8. The cases which hold that remote and consequential injury to private property by reason of authorized public improvements is not taking such property for public use have many of them gone to the utmost limit of that principle, and some beyond it, though the principle is a sound one in its proper application to many injuries so originating.

9. Lands sold by the United States with no reservation, though bordering on it navigable stream, are as much within the protection of the constitutional principle awarding compensation as other private property.

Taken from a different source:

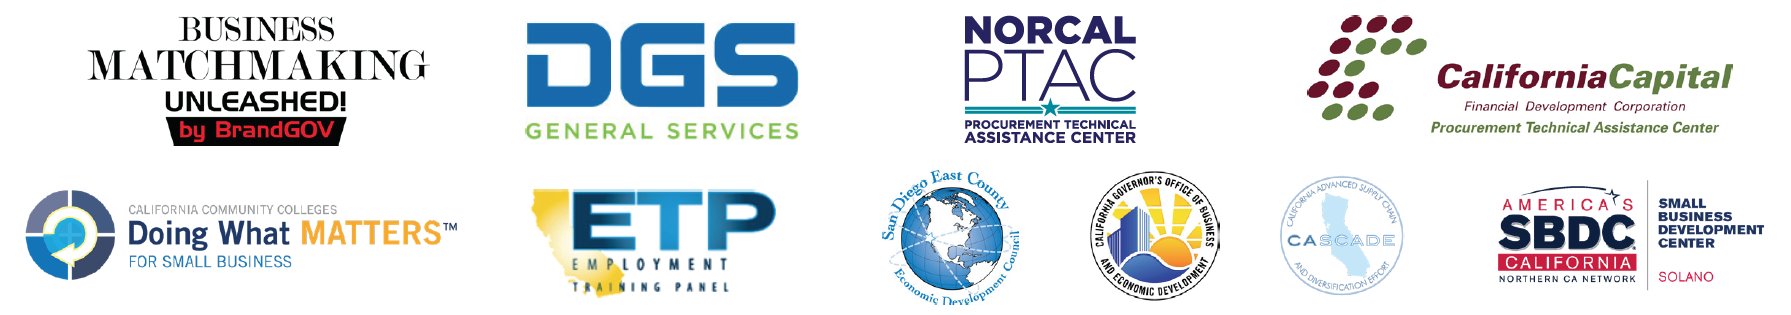 Norcal Defense Supply Chain Resource Fair & Procurement Expo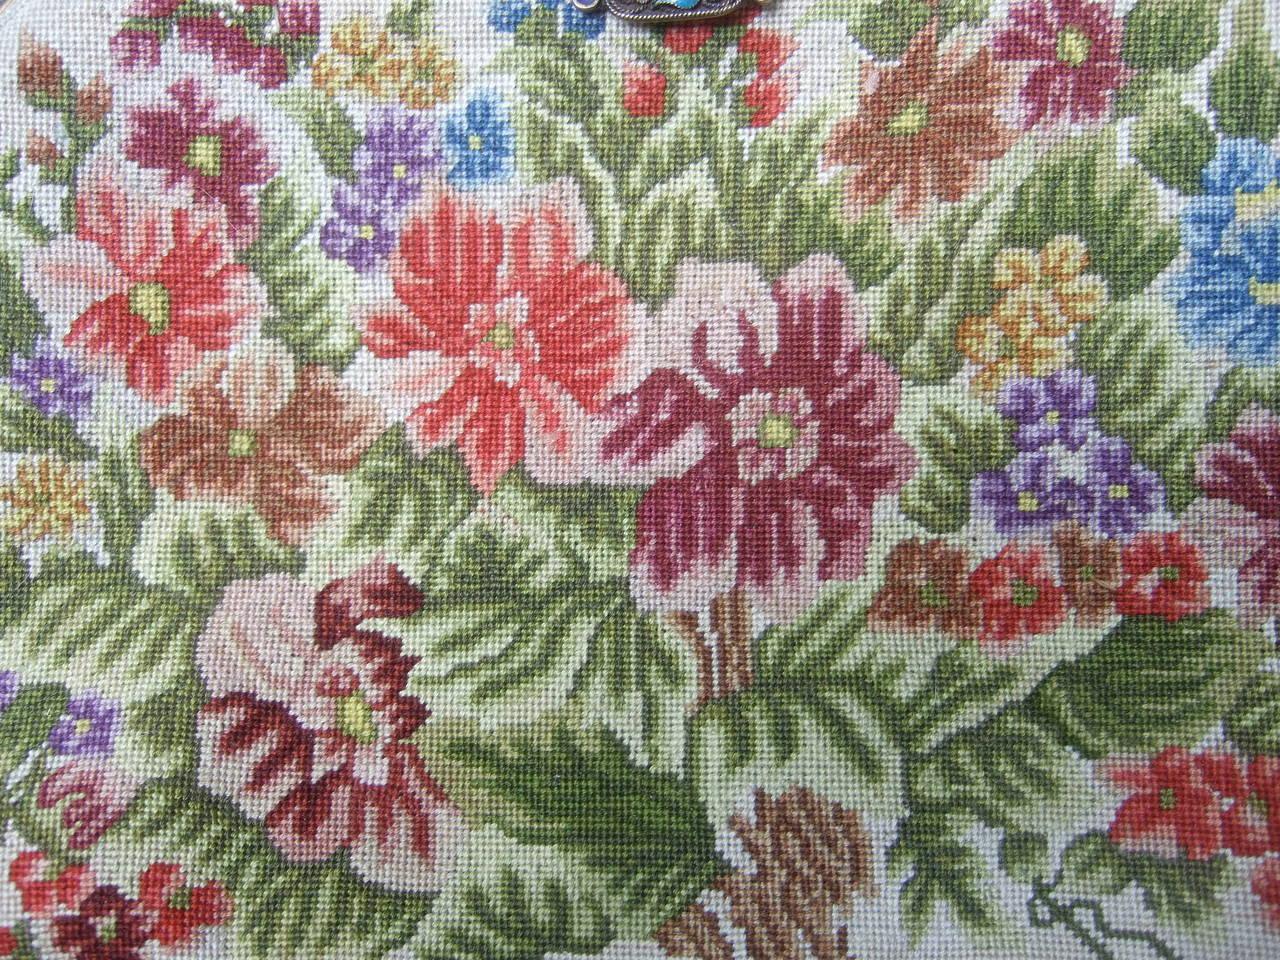 d3d5e08a0ead6 Exquisite Petit Point Jeweled Floral Evening Bag. 1920s For Sale at ...

The Constitution of Wisconsin ordains that

"The property of no person shall be taken for public use without just compensation therefor. "

Page 80 U. S. 167

With this provision in force as fundamental law, one Pumpelly, in September, 1867, brought trespass on the case against the Green Bay & Mississippi Canal Company for overflowing 640 acres of his land by means of a dam erected across Fox River, the northern outlet of Lake Winnebago, by which, as the declaration averred, the waters of the lake were raised so high as to forcibly and with violence overflow all his said land from the time of the completion of the dam in 1861 to the commencement of this suit, the water coming with such a violence, the declaration averred, as to tear up his trees and grass by the roots and wash them, with his hay by tons, away, to choke up his drains and fill up his ditches, to saturate some of his lands with water, and to dirty and injure other parts by bringing and leaving on them deposits of sand, and otherwise greatly injuring him. The canal company pleaded six pleas, of which the second was the most important, but of which the fourth and sixth may also be mentioned.

This second plea was divisible, apparently, into two parts.

The first part set up (quoting it entire) a statute of Wisconsin Territory, approved March 10, 1848, by which one Curtis Reed and his associates were authorized to construct a dam across Fox River, the northern outlet of Winnebago Lake, to enable them to use the waters of the river for hydraulic purposes.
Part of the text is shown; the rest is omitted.